Bulk load to initial multi host cluster


#1

Hi, I load data into a initial cluster(1 zero and 3 alpha in multi host native ) by dgraph bulk ,and then i can find the schema and data from ratel,but the zero node dosen’t rebalance ,all the data is only on the original load node, what should i do in this case?
zero parameters:
./dgraph zero --idx 2 --my:IP:PORT --replicas 3 --telemetry
bulk load parameters:
–reduce_shards 1 --map_shards 3


(Michel Conrado) #2

Dgraph has its own rules of balancing. It will do it as soon as it is needed. But check in http://localhost:6080/state which groups are serving the predicates.


#3

Fine, Does it mean if i bulk load data into node with a large disk capacity ,and the dataset is not enough large to trigger the rebalancing rules , all the data will on the original load node no matter what i do?


(Michel Conrado) #4

Please, check https://docs.dgraph.io/deploy/#understanding-dgraph-cluster
In the part “Shard rebalancing”.

You can also try to push tablets to other groups
https://docs.dgraph.io/deploy/#more-about-dgraph-zero

  • /moveTablet?tablet=name&group=2 This endpoint can be used to move a tablet to a group. Zero already does shard rebalancing every 8 mins, this endpoint can be used to force move a tablet.

#5

Thanks for your reply.
Another thing,if i have a massive datasets (may be more than 1TB and about 1 billion edge) which need to bulk load into the cluster, Do I have to load them in one Node? Can I split the datasets to other zero node to bulk load at the same time?
I only find one blog about the bulk load details : Loading close to 1M edges/sec into Dgraph , and official documents deploy/#bulk-loader doesn’t mention the multi-zero instance case.
Could you provide more detail about interaction mechanism between zero instance when bulk load in multi-zero instances case


(Daniel Mai) #6

Currently bulk loader runs only on a single machine. In the soon-to-be-released Dgraph v1.1 we optimized both the live loader and bulk loader—in our own tests we’ve seen bulk loader peak to 4 million edges/sec.
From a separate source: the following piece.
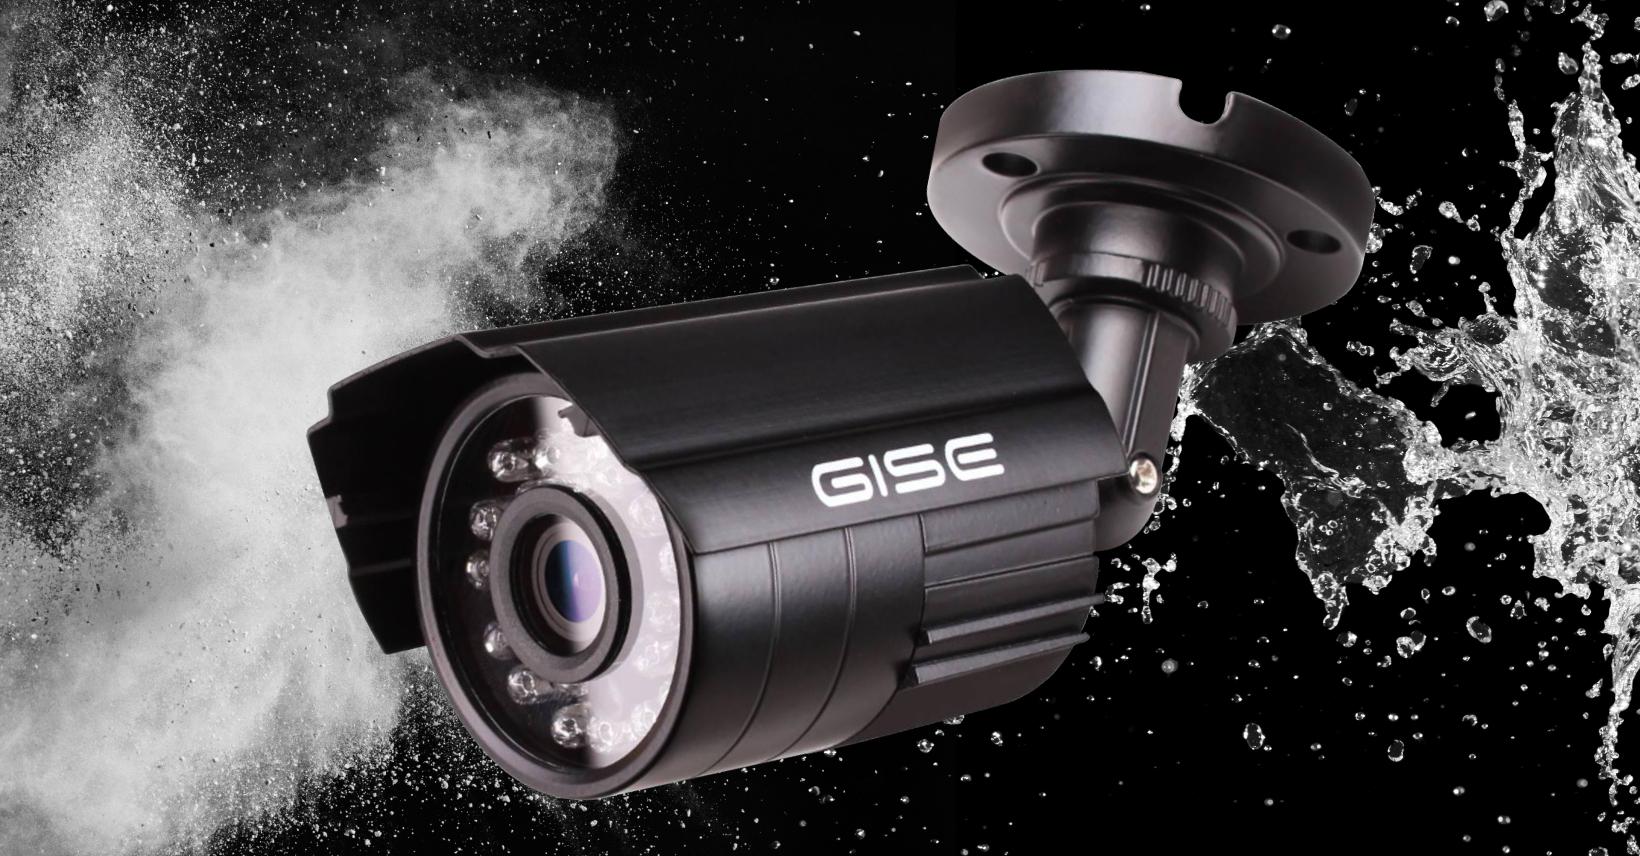 KAMERA 4w1 GISE GS-CM45-V3 5MPx - specyfikacja i dane techniczne:
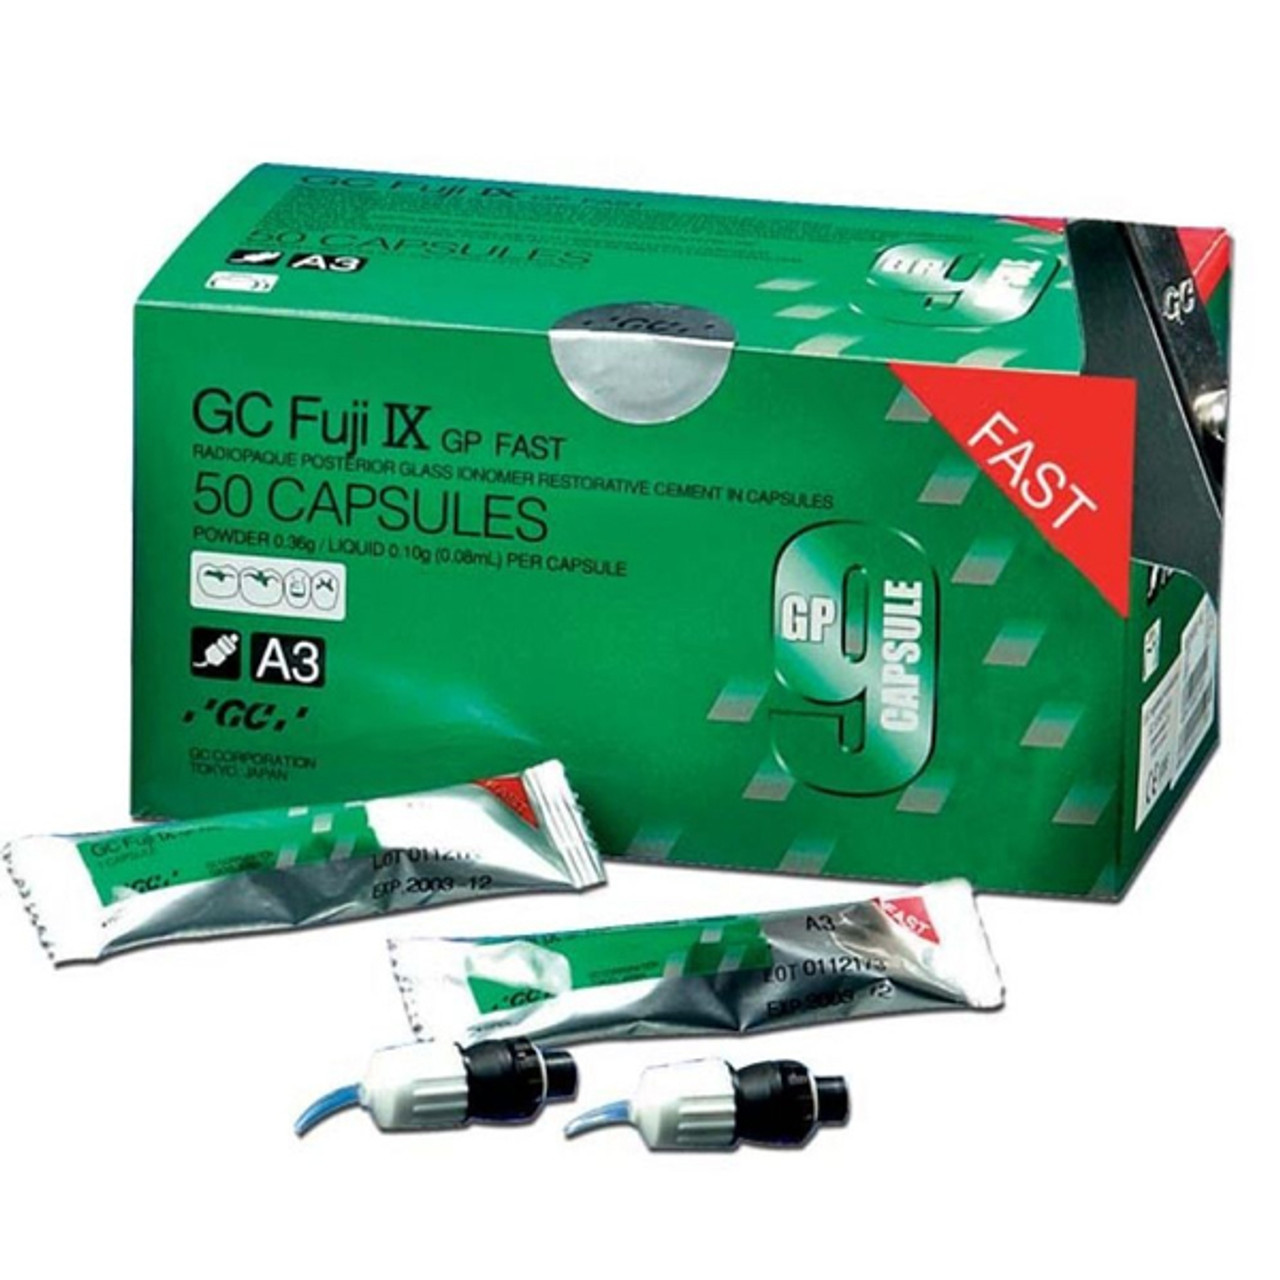 Fuji IX GP Extra Caps A3.5 48/Bx

A multi-Zero setup does not make a difference for bulk loading. Bulk loader (must) connect to the Zero leader to assign UIDs to the nodes in the cluster. Adding more Zero instances doesn’t make the loading process any faster. Most of the work is done by bulk loader itself, not by Zero.

Bulk loader is highly concurrent, so more CPU cores would definitely help speed up the bulk loading process.


Dgraph Enhancement Proposal: bulk + live loader?
#7

Very useful to solve my problem thanks you !


(system) closed #8

This topic was automatically closed 30 days after the last reply. New replies are no longer allowed.